To further differentiate TCM from an ACS utilizing a noninvasive ultrasound, one should not only look for wall motion abnormalities but also attempt to identify any right ventricular extension or systolic anterior motion of the mitral valve; these abnormalities would favor the diagnosis of TCM, rather than an anterior wall myocardial infarction (MI) [41, 42]. Furthermore, contrast echocardiography should demonstrate normal myocardial perfusion in the akinetic apical area in a patient with TCM, while one would expect impaired flow with an anterior wall MI [43]. Less invasive Doppler flow strategies can also be utilized to assess the patency and flow of the LAD and differentiate between these conditions, for an undetectable distal LAD velocity in the presence of apical left ventricular wall motion abnormalities is suggestive of ACS due to LAD occlusion [44]. By contrast, detection of decreased CFR would support a diagnosis of TCM, for CFR is transiently impaired in the acute phase of TCM [45]. This data would not be available during an initial patient assessment in the Emergency Department, however, as it must be obtained during a TTE study.
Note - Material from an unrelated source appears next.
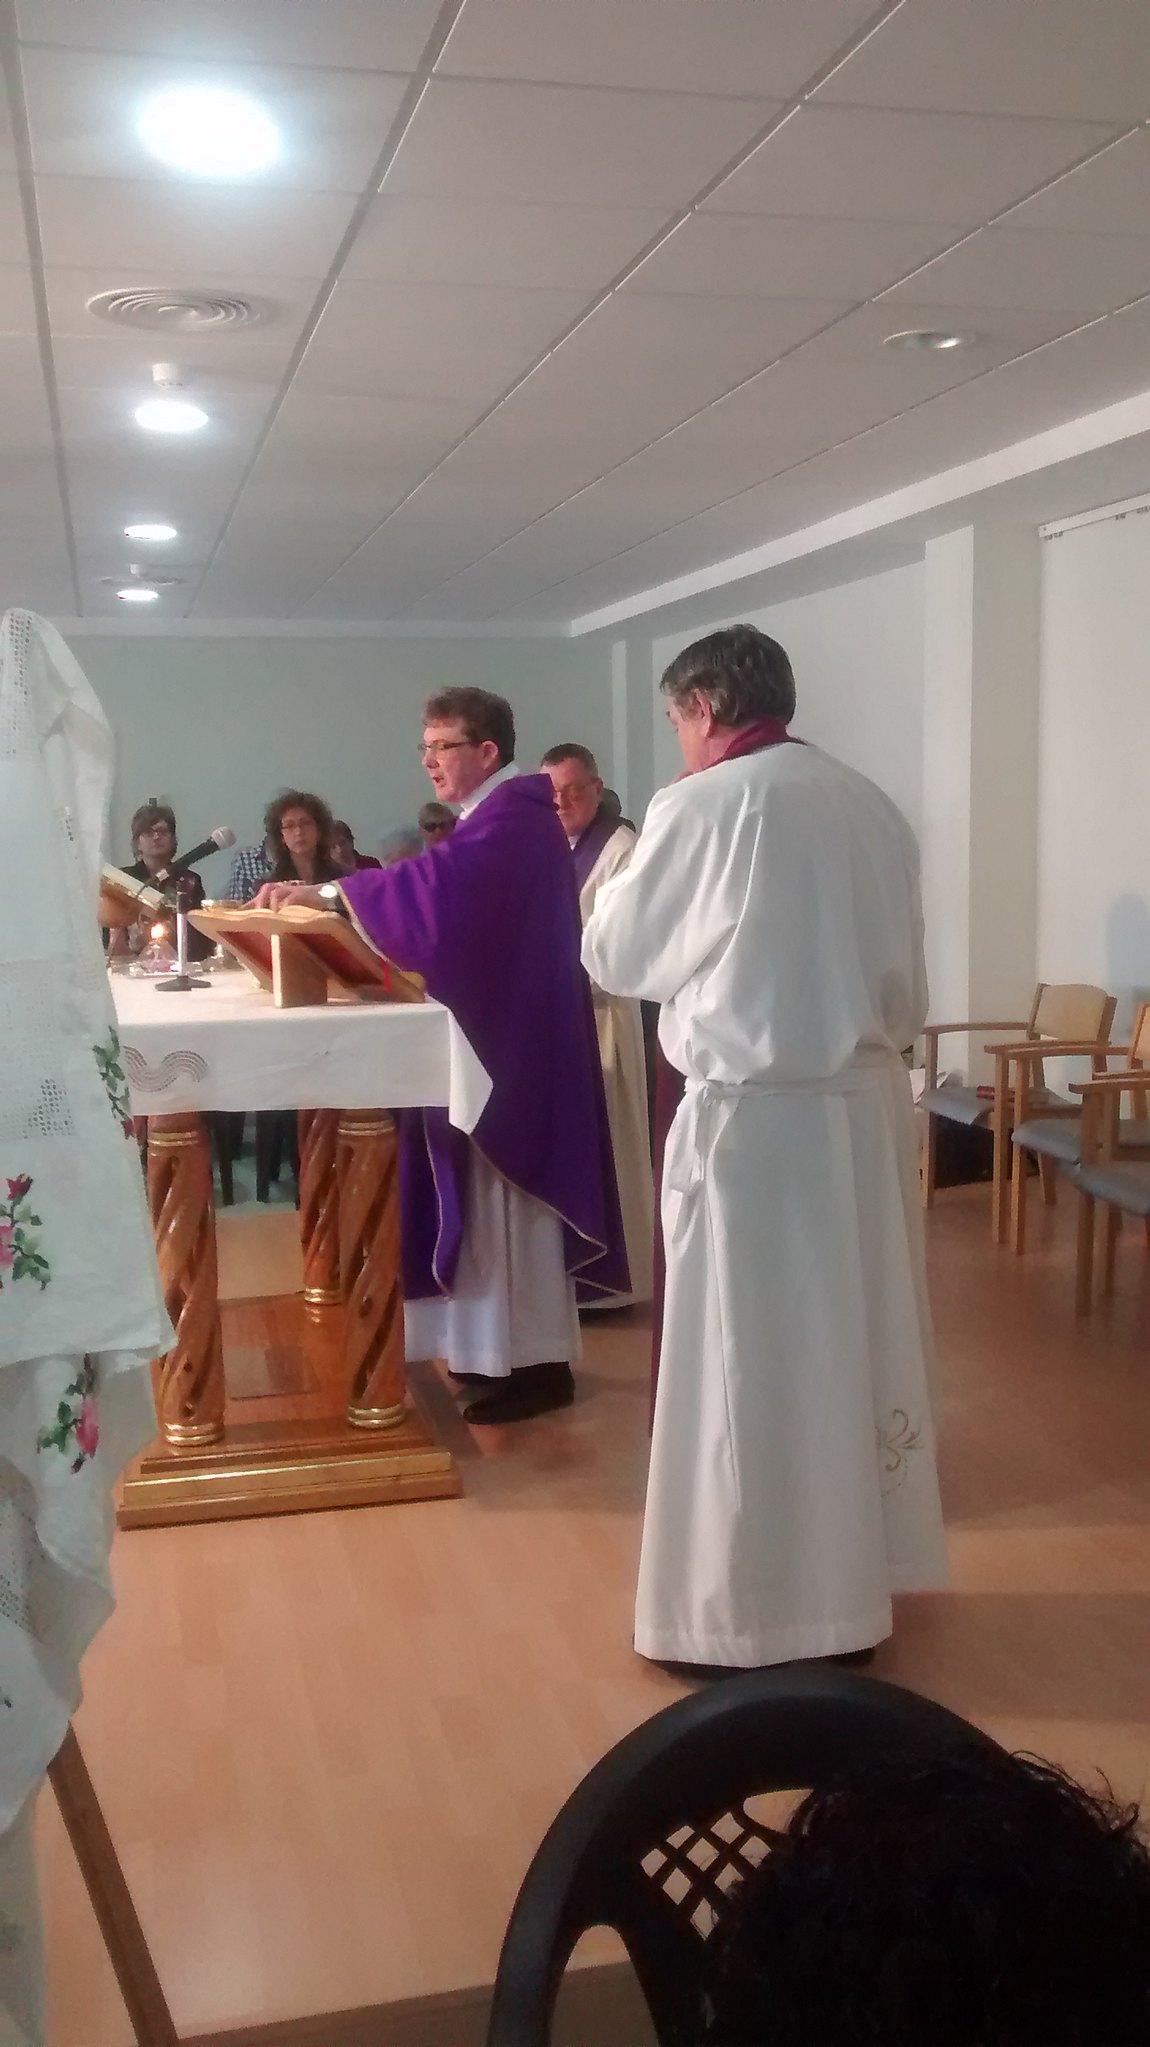 (2017-03-11) - Inauguración Teresa de Calcuta, La Molineta - José Vicente Romero Ripoll (04)

Though our patient’s clinical course proved to be fairly benign, her diagnosis was delayed until wall motion abnormalities were detected on an echocardiogram several hours following her initial presentation. If this patient’s InterTAK Diagnostic Score had been calculated after an EKG was performed and found to be normal, TCM could have been suspected and a diagnosis could have likely been made earlier in her course through a bedside FOCUS in the Emergency Department. Any subsequent echocardiograms could have been performed not to diagnose but rather to monitor for potential complications of TCM such as mitral regurgitation, left ventricular free wall rupture, and thrombus formation [34, 4648]. BNP levels also should have been obtained, for serial monitoring of this biomarker allows for continued noninvasive assessment of one’s improvement in left ventricular dysfunction over time [49, 50].

Treatment of TCM is debated in reported literature, though beta blockers have remained the mainstay of treatment largely due to the accepted role of catecholamines in its pathophysiology. Interestingly, however, the Takotsubo Registry reports that angiotensin-converting enzyme (ACE) inhibitors or angiotensin receptor blockers (ARBs) have been associated with improved survival of TCM patients in comparison to those treated with beta blockers alone [51]. Maintaining a high index of suspicion for TCM is important to ensure not only that adequate treatment is given, but also that potentially harmful interventions such as fibrinolytic therapy are avoided.

4. Conclusion

Takotsubo Cardiomyopathy (TCM) accounts for a notable portion of cardiac enzyme-elevated acute coronary syndromes and thus deserves more widespread recognition amongst Emergency Medicine physicians. It should be included in one’s differential diagnosis in any patient presenting after a stressful event with chest pain and associated cardiac enzyme elevations. While timely echocardiography and/or cardiac catheterization have been the mainstay of evaluation for this condition, calculation of a diagnostic score and evaluation with point of care ultrasonography can sufficiently make an ambulatory diagnosis in patients with extensive preexisting coronary artery disease and no acute EKG changes. Following consistent improvements in biomarkers (troponins, BNP) and absence of complications on echocardiography, patients can often be safely discharged on combination antihypertensive therapy with scheduled follow-up in an outpatient setting.

Conflicts of Interest

The authors declare that they have no conflicts of interest.